I had to add the second line because just putting in "int i = 5;" the compiler was smart enough to optimize it out because it wasn't being used. Tricky compiler. So, now that we have made this change our application now blows up with a StackOverflowException even when running under the 64-bit JITer!

So there you go, you can now see that tail recursion is completely useless in C#! Since the optimization is done by the JITer and not by the compiler, the code above will run on 64-bit machines, but will crash quickly on 32-bit machines. These are the stuff that nightmares are made of. Anyways, the F# compiler obviously had to do these optimizations for itself since tail recursion is much more prevalent in functional languages and they can't assume that you'll always be running under a 64-bit OS. Although you SHOULD be!

And with that, we are back to my original point for this article. Immutable types and tail recursion optimization have nothing to do with each other. There are some other optimizations that can be done when a method is pure (such as automatic parallelization), but nothing to do with tail recursion. Well, at least nothing that I could find, so please prove me wrong! Hope you enjoyed this post, and hopefully you aren't laughing at me too hard right now. :-)

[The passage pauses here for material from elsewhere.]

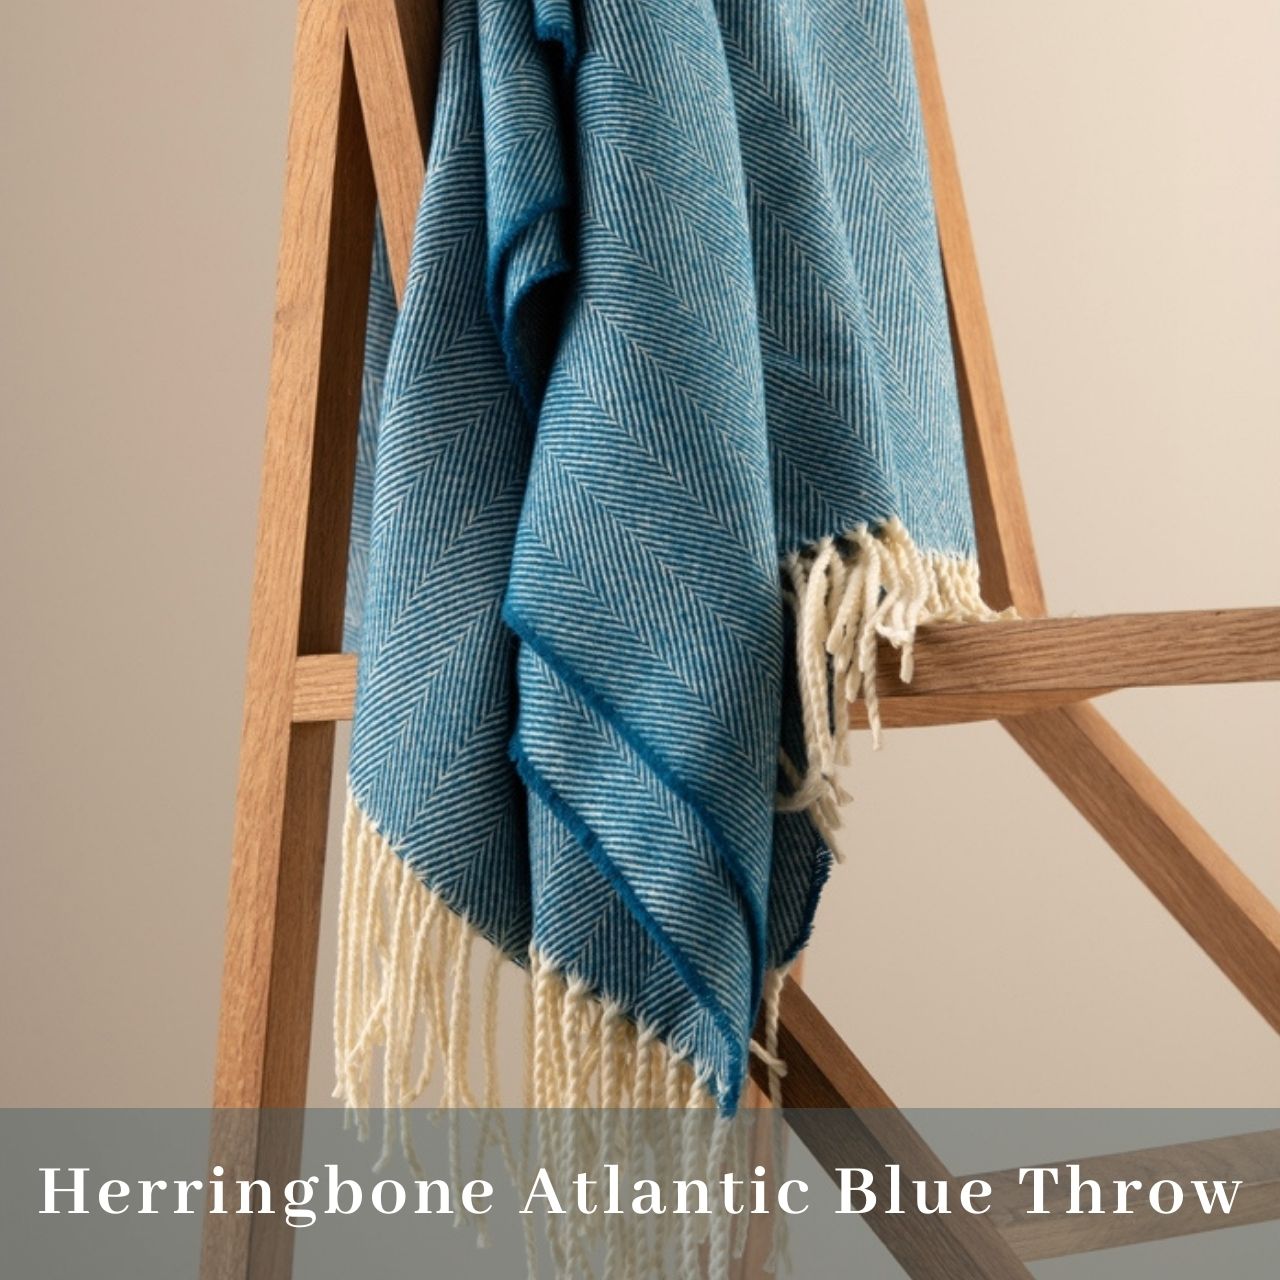 Galway Crystal Herringbone Throw - Atlantic Blue

Digging into the Linq "let" keyword

In my last post I talked abou the Linq "let" keyword and showed you how it could be used to simplify linq queries. Well, this post was thrown up pretty quick and I didn't get to research the topic in the way that I normally do, and I quickly got called out by a few readers who pointed out that there are some implications with using the "let" keyword that may not be initially apparent.

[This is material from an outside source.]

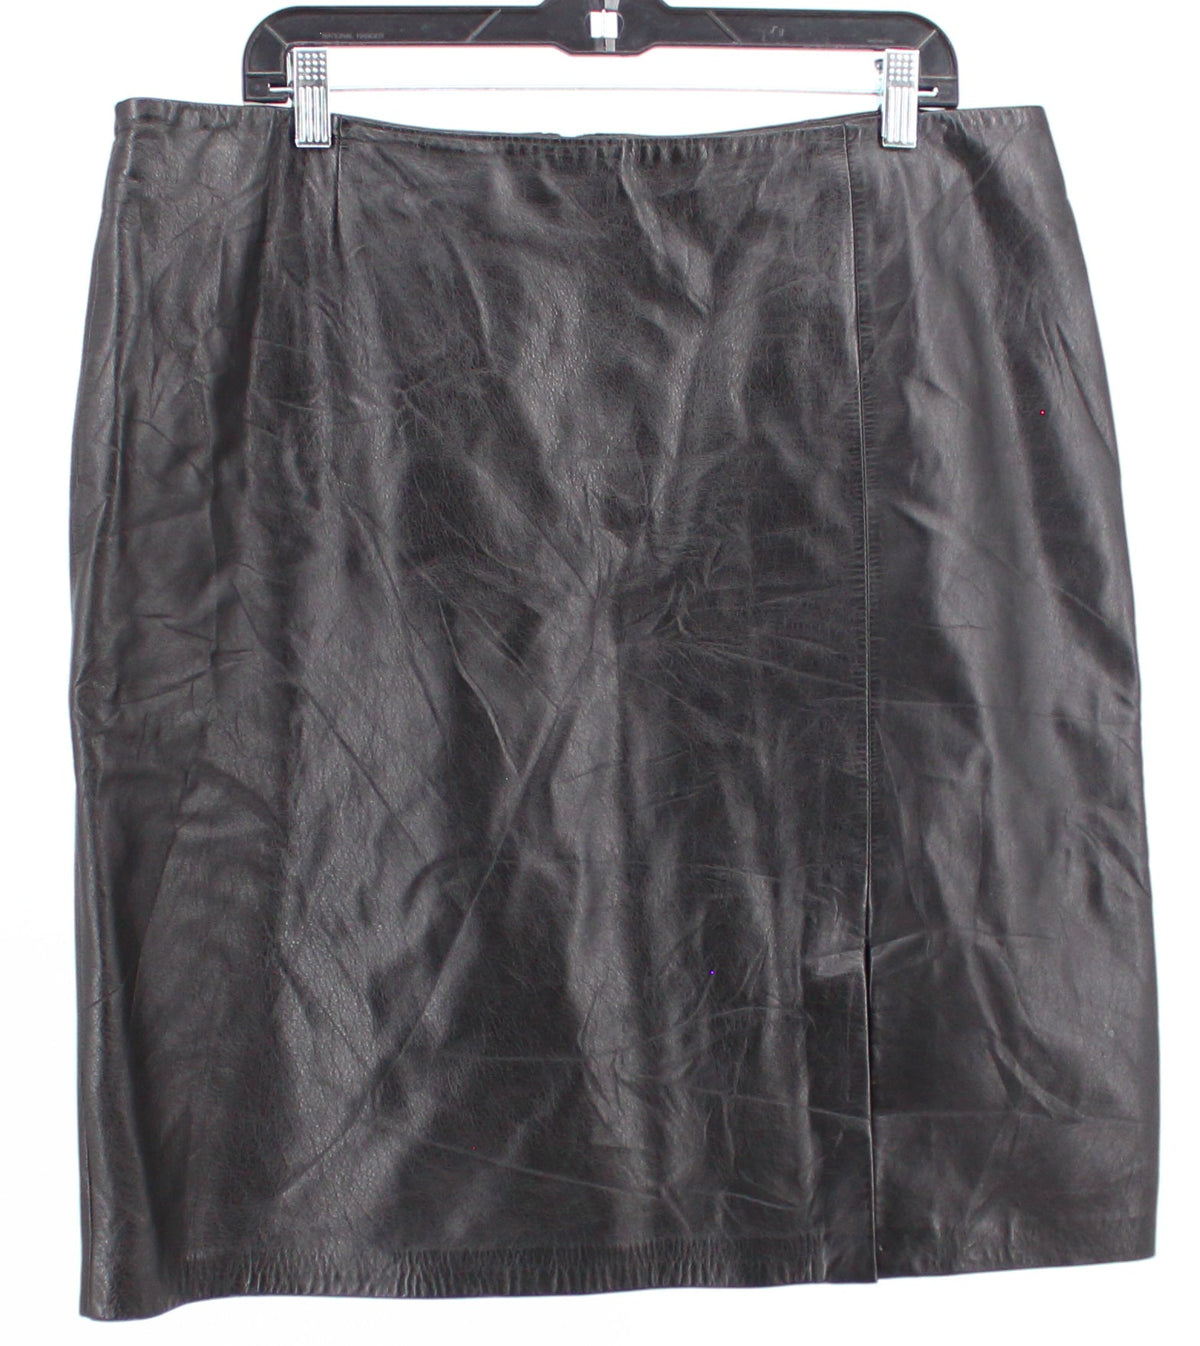 Danier Black Basic Leather Skirt

In the last post I used a query that looked like this:

var names = (from p in nameList
            let vowels = new List<string> { "A", "E", "I", "O", "U" }
            let startsWithVowel = vowels.Any(v => p.ToUpper().StartsWith(v))
            let endsWithVowel = vowels.Any(v => p.ToUpper().EndsWith(v))
            let fourCharactersLong = p.Length == 4
            let fiveCharactersLong = p.Length == 5
            where
            (startsWithVowel || endsWithVowel) &&
            (fourCharactersLong || fiveCharactersLong)
            select p).ToList();

In this case the "let" keyword greatly simplifies what would have been an otherwise very ugly "where" clause. So, I started thinking, how can I show what happens when this query is turned into an Expression object? I first started off by using the Expression visualizer that ships in the samples with VS2008 (click for full size):

Query Expression

That might give you a hint as to what is happening, if you are familiar with compiler generated anonymous types, but otherwise that just looks like a bunch of gibberish. You have to open up the app in reflector to really see what is going on with these anonymous types. What this is essentially telling us is exactly what "Skup" in my last post was trying to tell me. That each time you use the "let" keyword it is just generating an anonymous type which wraps the variable assigned in the let statement along with the item being queried.

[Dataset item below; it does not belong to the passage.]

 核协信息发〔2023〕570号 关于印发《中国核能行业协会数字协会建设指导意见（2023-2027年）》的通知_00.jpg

After thinking a bit I realized that just rewriting this query with explicit Linq methods would probably be the best way to explain this. There is no "let" query method, you have to accomplish all of this through select statements.

var names2 = nameList
    .Select(a => new { a, vowels = new List<string> { "A", "E", "I", "O", "U" } })
    .Select(b => new { b, startsWithVowel = b.vowels.Any(v => b.a.ToUpper().StartsWith(v)) })
    .Select(c => new { c, endsWithVowel = c.b.vowels.Any(v => c.b.a.ToUpper().EndsWith(v)) })
    .Select(d => new { d, fourCharactersLong = d.c.b.a.Length == 4 })
    .Select(e => new { e, fiveCharactersLong = e.d.c.b.a.Length == 5 })
    .Where(w => (w.e.d.c.startsWithVowel || w.e.d.endsWithVowel) 
              && (w.e.fourCharactersLong || w.fiveCharactersLong))
    .Select(s => s.e.d.c.b.a);

So, as you can see, the "let" keyword cleans this up quite a bit. But you can also see what is actually happening. You can also see why Frans said in my last post that when you are running this against Linq to Sql it is going to generate a sub-query for each "let" statement. I hope that this helps a bit when trying to decide whether or not to use the Linq "let" statement.